This is our project for the course Modern Data Analytics, where our objective is to develop an application that predicts the noise level in Naamsestraat, Leuven. The prediction model will be based on forecast weather and air quality data.

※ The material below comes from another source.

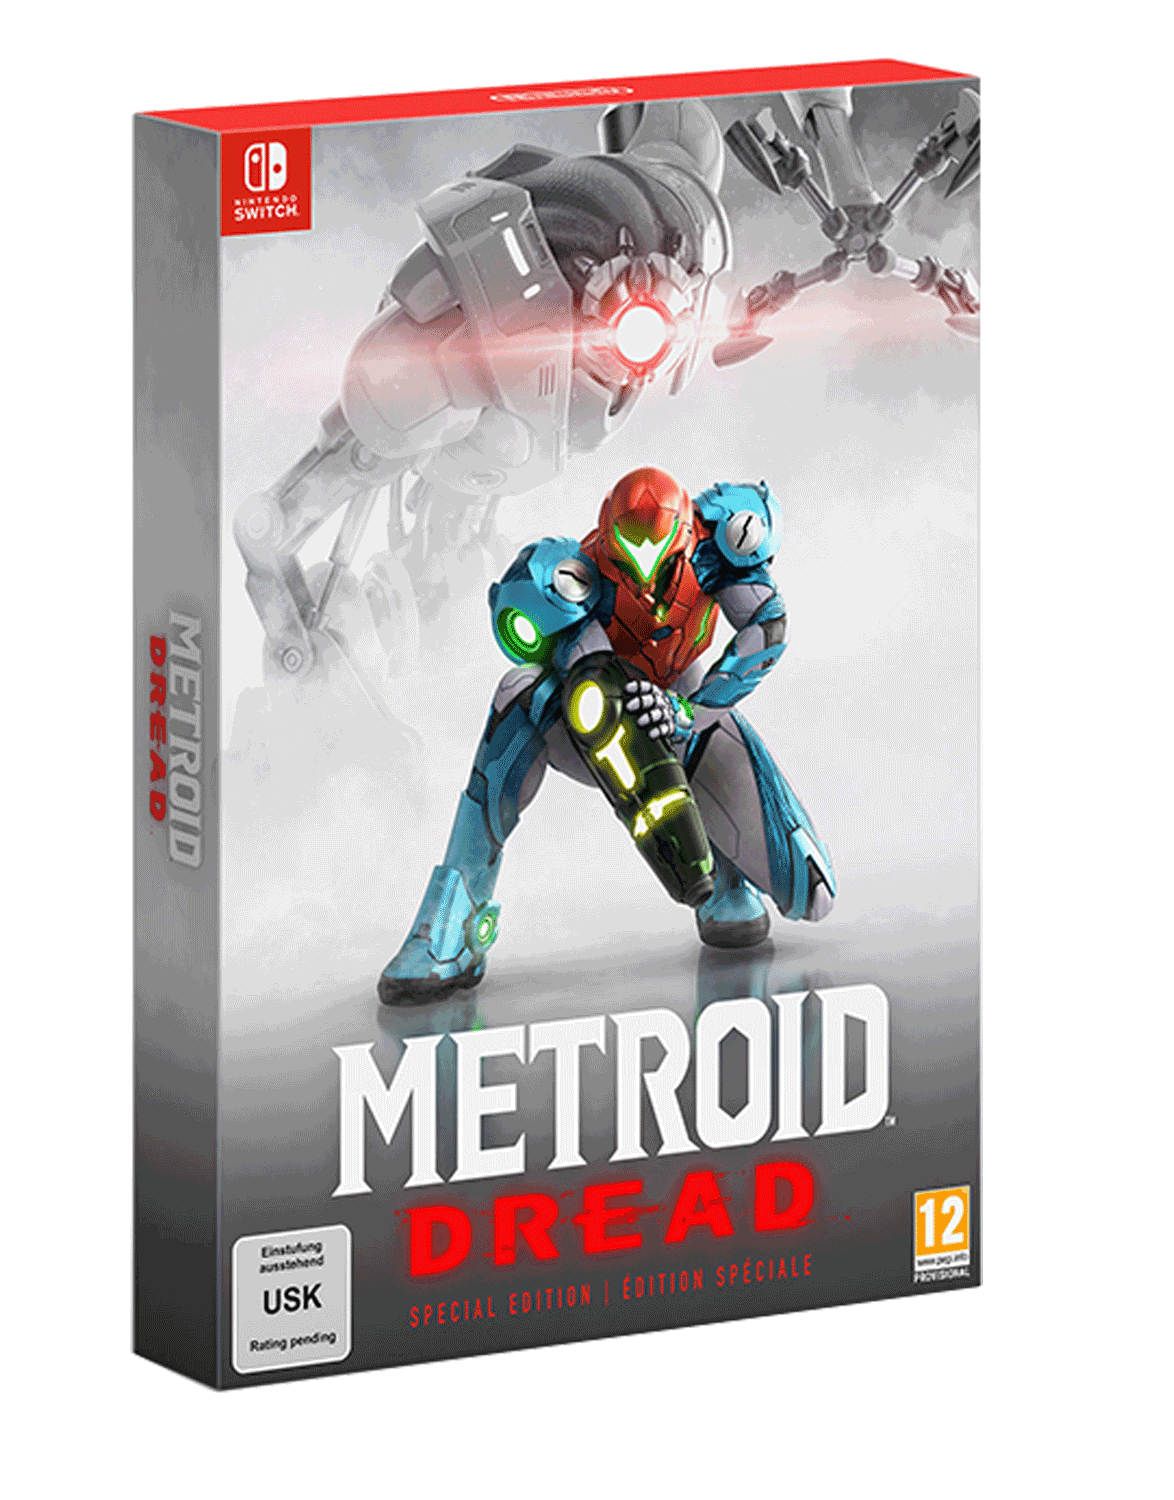 Nintendo switch metroid. Metroid Dread Nintendo Switch. Metroid Dread обложка. Военные игры на Нинтендо свитч. Игра для Switch Metroid Dread Special Edition (русская версия) обложка.

By utilising machine learning models, we aim to provide valuable insights into the noise levels in the city, enabling residents and authorities to better understand and manage noise pollution.
Jeh Mattummal
Sven Nelles
Jef Winant
Yixin Mei
Duc Tien Do
Anh Phuong Dinh
- Air quality data:
- Historical: scraped using OpenWeatherMap API
- Forecast: scraped using Open-Meteo forecast air quality API
- Weather data:
- Historical: scraped using Open-Meteo historical weather API with query
- Forecast: scraped using Open-Meteo forecast weather API with query
📦
├─ README.md
├─ __pycache__
├─ conda_requirements.txt
├─ pip_requirements.txt
├─ app
│ ├─ .streamlit
│ │ └─ config.toml
│ ├─ __pycache__
│ │ ├─ historical_noise.cpython-39.pyc
│ │ ├─ prediction_noise.cpython-39.pyc
│ │ └─ weather.cpython-39.pyc
│ ├─ historical_noise.py
│ ├─ main.py
│ ├─ prediction_noise.py
│ ├─ requirements.txt
│ ├─ weather.py
│ └─ woise-logo.png
├─ data
│ ├─ file40
│ ├─ file41.csv
│ ├─ file41
│ ├─ processed_air_quality_data.csv
│ ├─ processed_file40_data.csv
│ ├─ processed_file41_data.csv
│ ├─ processed_file42_data.csv
│ └─ processed_weather_data_leuven.csv
├─ model
│ ├─ model_noise_level_file40
│ ├─ model_noise_level_file42
│ └─ noise_types
└─ notebook
├─ 1_EDA.ipynb
├─ 2_scrape_and_process_data.ipynb
├─ 3_model_predict_noise_level_file40.ipynb
├─ 4_model_predict_noise_level_file42.ipynb
├─ 5_model_predict_noise_types.ipynb
└─ 6_test_predictions.ipynb
To set up the project environment, follow these instructions:
Clone the project repository
git clone https://github.com/aphdinh/MDA_KUL.git
Install the dependencies
python -m venv mda_chad
source mda_chad/bin/activate # Windows: \venv\scripts\activate
pip install -r pip_requirements.txt
Navigate into the "app" folder using the cd command:
cd app
then run the app locally:
streamlit run main.py
The app has also been deployed here.